The Social Security Administration has shared the projected 2026 cost-of-living adjustments (COLA) and the new wage base limit for payroll taxes. These updates may impact benefits and taxable earnings. 


Important Changes


A few of the major changes to expect in 2026: 


  • Cost-of-Living Adjustment (COLA): Increase of approximately 2.8% starting January 2026. Average benefits are expected to increase by about $56 per month, depending on individual benefit levels.  

  • Wage Base: Increased to $184,500 (from $176,100).  

  • Monthly Benefits: Increased to $4,152 (from $4,018).  

  • Earnings Limit: Increased to $24,480 for under full retirement status. Increased to $65,160 for full retirement age status.  


The Personal Impact: What the New Social Security Figures Mean for You 


The latest Social Security adjustments will influence both your take-home income and your long-term retirement benefits. Taking time now to understand what these changes mean for you can help you make smarter, more strategic choices as you plan for 2026 and beyond. 


For Retirees 

  1. You can expect a minor increase; however, higher Medicare premiums may reduce the net benefit. 

  1. Rising costs in other areas could still outweigh the benefit increase. 

For Workers 

  1. More of your income will be taxed for Social Security. 

  1. Employees and business owners will pay higher Social Security contributions. 

For Workers Receiving Benefits  

  1. The higher earnings limit means you can earn more before your benefits are reduced. 

Why Is It Changing? 


Each year, Social Security adjusts to keep pace with changes in the economy.
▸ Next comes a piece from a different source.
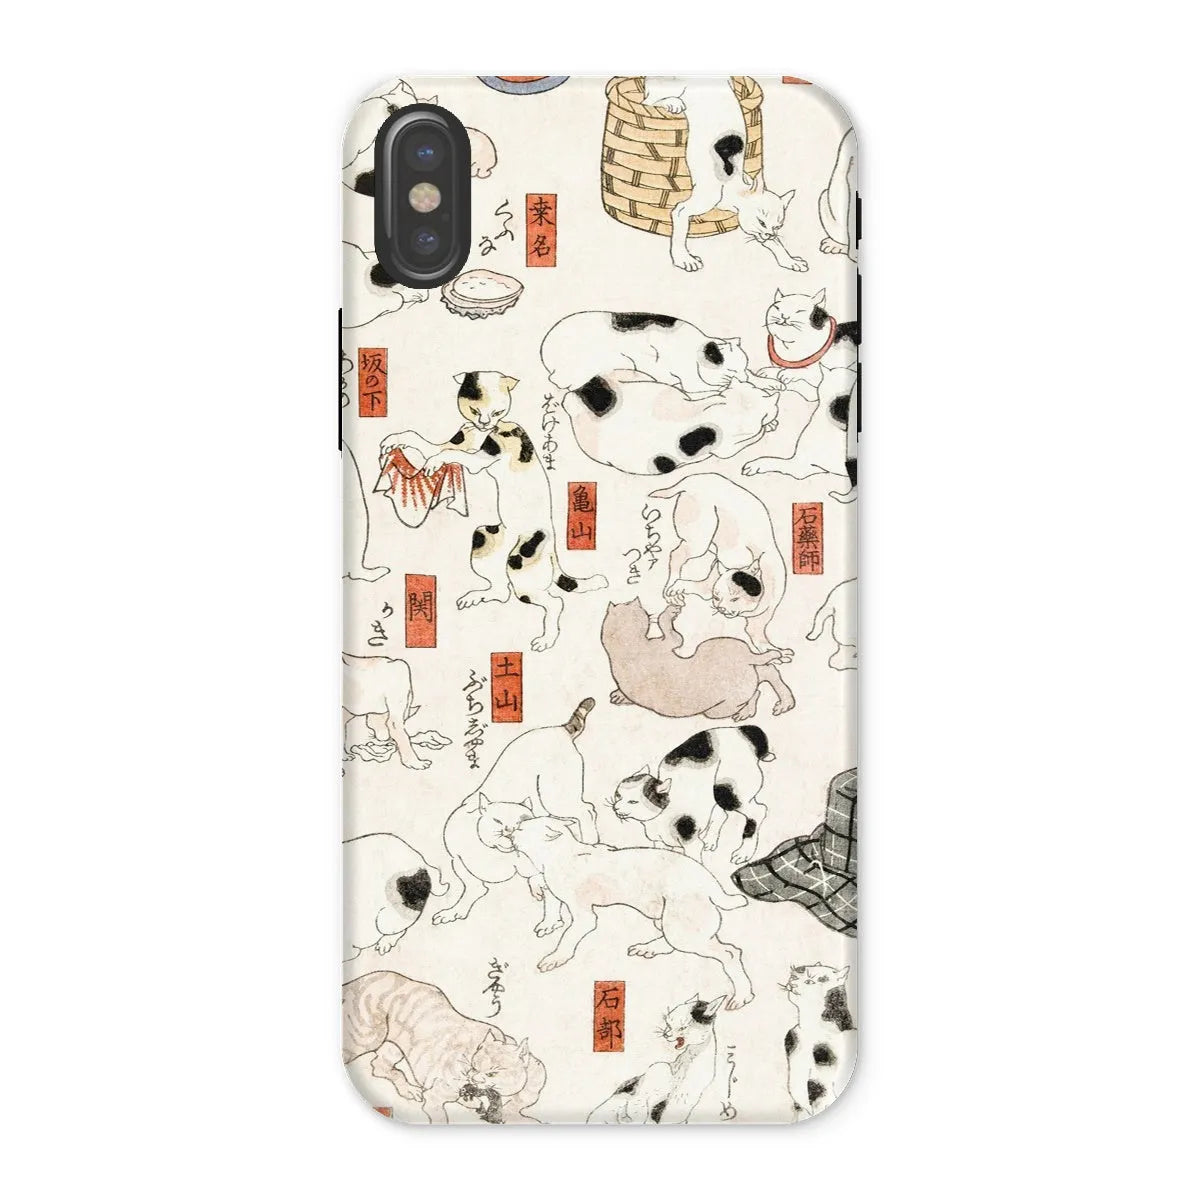 Japanese Cat Aesthetic Art Phone Case - Utagawa Kuniyoshi - Iphone x / Matte - Mobile Phone Cases - Aesthetic Art

These changes are meant to help maintain the program’s purchasing power for retirees and its financial stability over time. 


  • Cost-of-Living Adjustment (COLA) 

    • This is based on the CPI-W inflation index  

    • Helps to keep up with rising prices  

  • Wage Base  

    • Taxable earnings cap rises with national average wage index  

    • Increased so the system captures more payroll contributions 


Without these adjustments, inflation would erode retirees’ income and weaken the program’s financial base over time. 


What Should You Do Next? 


  • Review your My Social Security account to confirm your updated information. 

  • Contact Griffin & Furman, LLC for assistance in adjusting your 2026 budget, retirement projects, or tax withholdings. 

  • Keep in mind that smaller COLAs can be offset by healthcare or living costs, so review your cash-flow needs and plan accordingly.  


These annual adjustments may seem small, but they’re an important reminder to review your benefits, update your plans, and ensure your retirement strategy continues to align with your financial goals.